蝙蝠侠遥控器pcb
背景 (Background)
Wait! Isn’t the above equation different from what we found last time? Yup, very different but still looks exactly the same or maybe a bit better. Just in case you are wondering what I am talking about, please refer Part I of this series. Many ideas stated here are derived in that article and explained very clearly. The main ones being: why circles become like squares, how we can look at it as an intersection of trenches and how we can build our own graphs and equations by intersecting those trenches.

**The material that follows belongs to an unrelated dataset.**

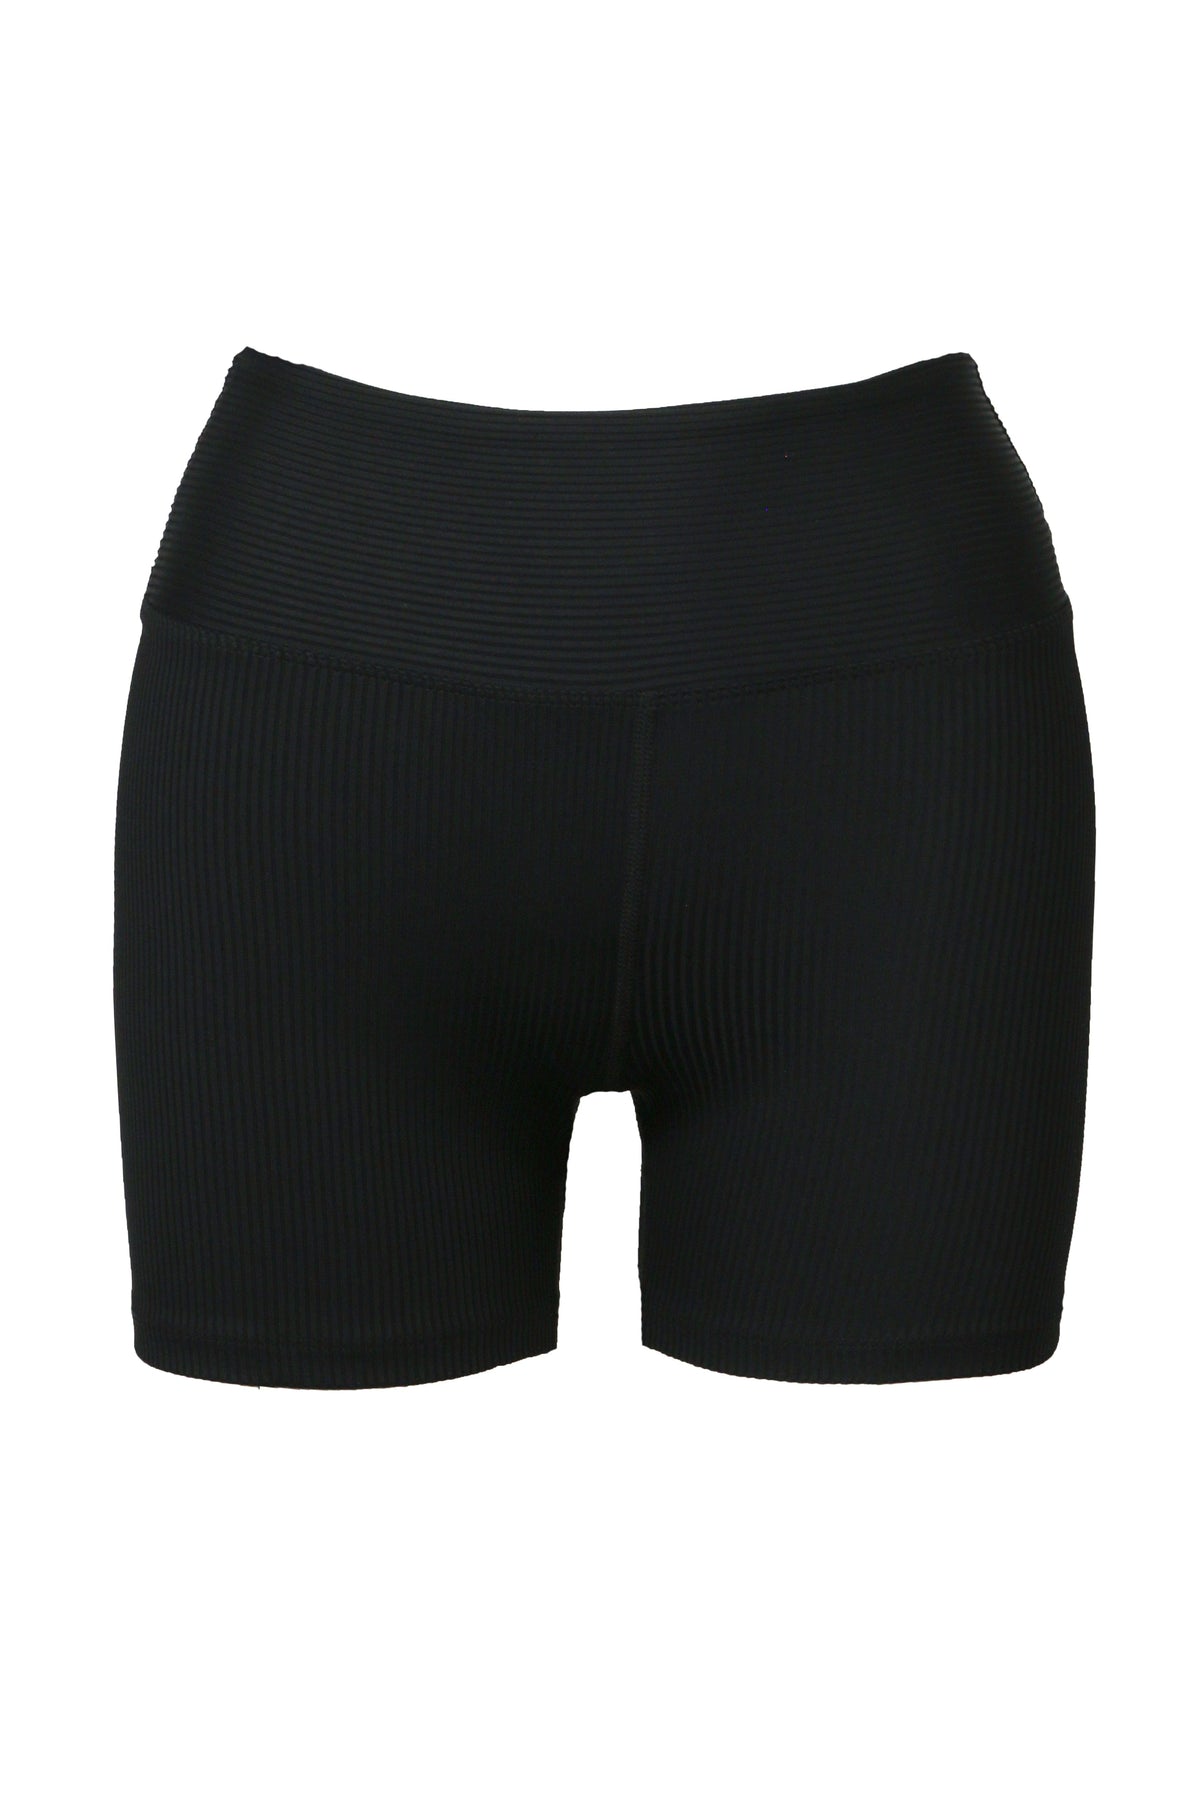 Year of Ours Activewear Black / S Volley Short- Black
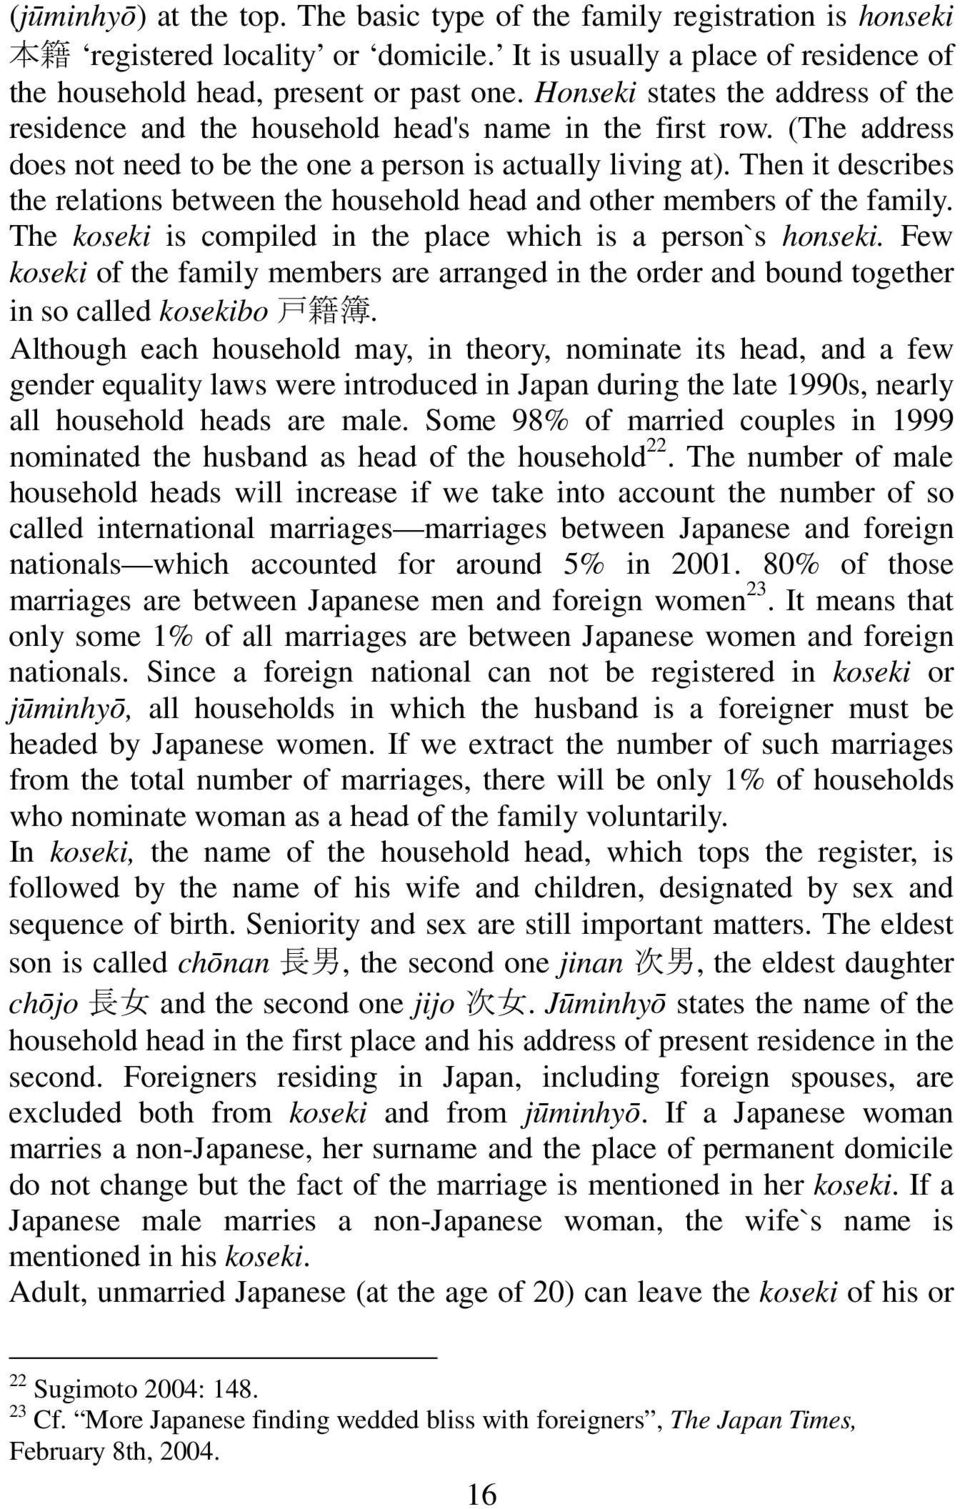 Then it describes the relations between the household head and other members of the family. The koseki is compiled in the place which is a person`s honseki.

等待! 上面的方程式与我们上次发现的方程式有区别吗? 是的,非常不同,但看起来还是一样的,甚至可能更好。 万一您想知道我在说什么,请参阅本系列的第一部分。 该文章中提到的许多想法都是从该文章中得出的,并且解释得很清楚。 主要的是:为什么圆变得像正方形,我们如何将其视为沟槽的交点,以及如何通过将这些沟槽相交来构建自己的图形和方程式。
挑战 (The Challenge)
Working with trenches isn’t a very joyful experience, is it? Honestly? They have two walls and we generally use only one. The other one just lingers around and sometimes creates unwanted regions. Remember, we had to trim our Batman for the same reason. Next, we were able to perform only intersection and negation(flipping the sign of the power) of trenches but their union is still a bit challenging yet very useful. With great power comes the great computational difficulty. It is not common to raise our inputs to very high powers and is not very efficient computationally either. Thus, the scope of what we derived and obtained earlier was a bit limited by our designing skills.
使用战es不是很快乐的经历,不是吗? 老实说 他们有两堵墙,我们通常只使用一堵。 另一个只是徘徊,有时会创建不需要的区域。 记住,出于同样的原因,我们不得不修剪蝙蝠侠。 接下来,我们只能执行沟槽的相交和求反(翻转功率的符号),但是它们的结合仍然有些挑战,但非常有用。 强大的功能带来了巨大的计算难度。 将输入提高到非常高的功率并不常见,而且计算效率也不高。 因此,我们早期获得和获得的内容的范围受到我们设计技能的限制。
The universal set of mathematics is infinite and we would never be able to express it as the union of our finite ideas. So let’s start finding solutions to our challenges!
数学的通用集是无限的,我们永远无法将其表达为有限思想的结合。 因此,让我们开始寻找应对挑战的解决方案!
从战to到边界 (From Trenches to Boundaries)
Remember, whenever the powers become too large to control, logarithms and exponents come to the rescue. The fundamental reason for having trenches was that when large even powers were used then two walls would form. One at y-f(x)=1(which we generally use) and the other at y-f(x)=-1(which we generally discard). Thus we have to make some changes to get only one wall per trench(that makes it just a wall). We can do this pretty easily. Just replace x^(2n) with e^(nx). The main reason why everything worked was that for absolute input values greater than 1 we would have function increasing above 1 very fast and for ones less than 1 we would have values near zero. In the case of e^(nx) for positive x, we have output values going above 1 very fast and for negative x, they are near zero. The first challenge is solved! Exponents are commonly used and have fast implementations. That’s a nice property to have, ain’t it?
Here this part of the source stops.